# We had a great day!



## Winnow (Jan 2, 2010)

Curonian Spit Backroad Adventure "Charly" went BOB and is now Icelandic champion.
Huffish Put The Blame On Me "Vaka" went BIS 2 Puppy
My sister's bichon went BOS We had a great day


----------



## KPoos (Aug 29, 2009)

OH wow! I'd say you had an excellent day! Congrats on your wins.


----------



## wishpoo (Sep 12, 2009)

WOW congrats ! 

How many poodles were entered ??? : )


----------



## Winnow (Jan 2, 2010)

wishpoo said:


> WOW congrats !
> 
> How many poodles were entered ??? : )


3 :rolffleyes:

hehe we dont have many people that are intrested in showing the Standard :S 

There was Vaka, Charly and then one female in Champion class.


----------



## roxy25 (Dec 18, 2008)

BIG congrats that is awesome !


----------



## run-poodle-run (Feb 10, 2010)

congrats!!!


----------



## spoospirit (Mar 10, 2009)

_WOW! That is wonderful. Congratulations to all!
_


----------



## jak (Aug 15, 2009)

:congrats: Well done! that's awesome!!!


----------



## Rockporters (Jan 14, 2010)

That's excellent!
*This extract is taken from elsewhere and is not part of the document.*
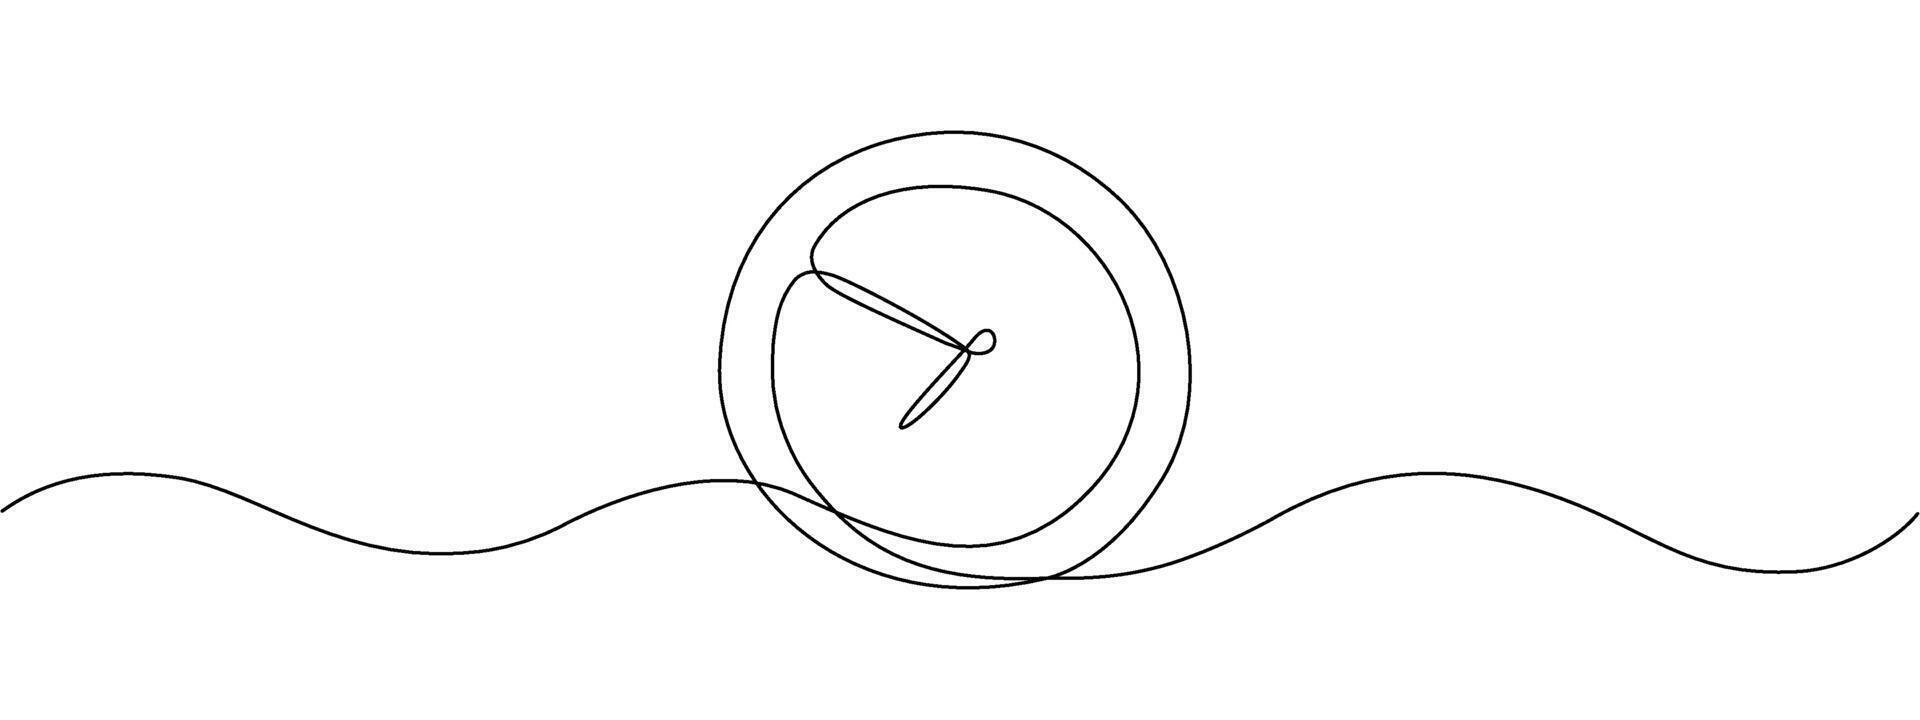 un continuo uno línea dibujo de un reloj. vector ilustración dibujado a mano estilo

Glad you had such a wonderful day.


----------



## Harley_chik (Nov 7, 2008)

Congrats!!!!!


----------



## jester's mom (Nov 25, 2008)

Congratulations!!! You must be on cloud nine!! Way to go.


----------



## thestars (May 2, 2009)

Keep it up!


----------



## dbrazzil (Nov 10, 2009)

Congratulations to everyone!


----------